I will denote by $f_k(x)$ the probability that my strategy results in success if we still need $k$ heads, and have $x$ probability remaining in our "budget." Here is how the strategy works: If $x\geq k$, we assign probability 1 to the next $k$ flips. This results in $f_k(x)=1$.
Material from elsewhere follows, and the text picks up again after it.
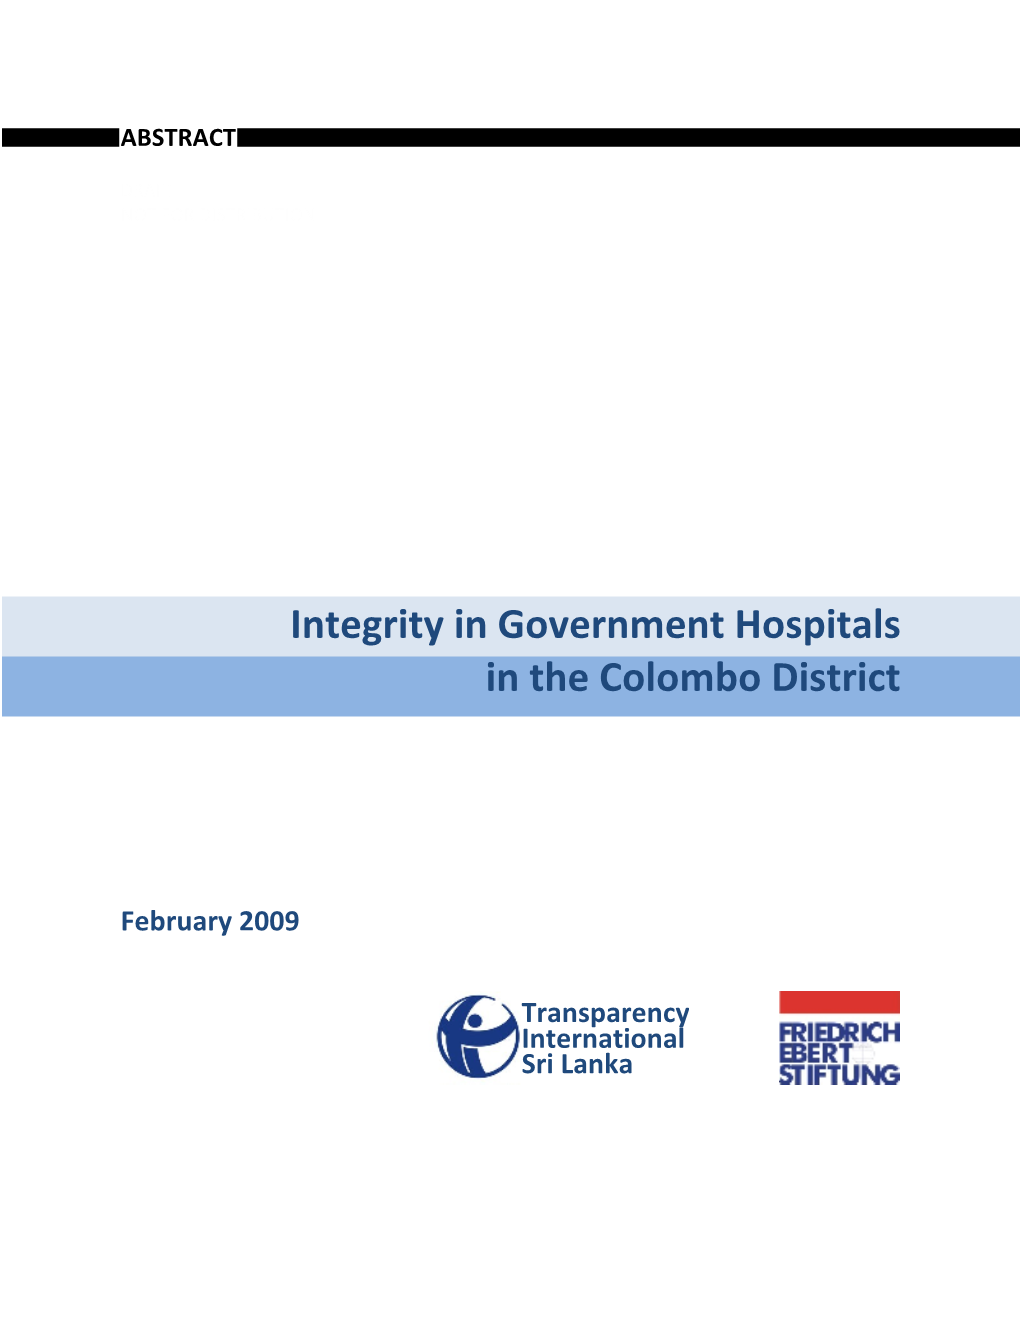 Integrity in Government Hospitals in the Colombo District

If $x\in (k-1,k)$, then we assign the next flip probability $x-(k-1)$. If this flip lands heads, we will win with probabilty 1. If the flip lands tails, we will win with probabilty $f_k(k-1)$. It follows that $$ f_k(x)=(x-(k-1))+(k-x)f_k(k-1) $$
Finally, if $x\leq k-1$, then we will assign probability $\epsilon$ to each subsequent flip, until we see a heads. This gives $$ f_k(x)=\int_0^x e^{-t}f_{k-1}(x-t)\,dt $$
We can recursively compute $f_k(x)$ for any $k$. Each $f_k$ is a continuous, piecewise-analytic function. The first few values (computed with the help of Mathematica; I hope they're correct) are: $$ f_1(x)=\begin{cases} x&\text{ if }0\leq x\leq 1\newline 1&\text{ if }x>1 \end{cases} $$
$$ f_2(x)=\begin{cases} -1+x+e^{-x}&\text{ if }0\leq x\leq1\newline -1+\frac{2}{e}+(1-\frac{1}{e})t&\text{ if }1\leq x\leq 2\newline 1&\text{ if }x>2 \end{cases} $$
$$ f_3(x)=\begin{cases} -2+x+(x+2)e^{-x}&\text{ if }0\leq x\leq 1\newline e^{-x}+\frac{3}{e}-2-\frac{x}{e}+x&\text{ if }1\leq x\leq 2\newline -2+x+\frac{(1+e)(3-x)}{e^2}&\text{ if }2\leq x\leq 3\newline 1&\text{ if }x\geq 3 \end{cases} $$
While I don't have a proof this strategy is optimal, I've got a heuristic argument that assigning probability $\epsilon$ to each flip is a good idea. If our budget is $x$, then whatever our strategy, the expected number of heads we will have seen when we exhaust our budget is $x$. If the desired number of heads is much larger than $x$, we will need to make the variance in the number of heads large. If we assign probabilities $p_1,p_2,\ldots$ to the coin flips (with $p_1+p_2+\ldots=x$), then the variance in the number of heads is $\sum p_i(1-p_i)$, which is bounded above by $x$. We can make the variance arbitrarily close to $x$ by taking each $p_i$ as small as possible.
The argument is a little different if the next head that appears could cause our remaining budget to be larger than the number of additional heads we need to win.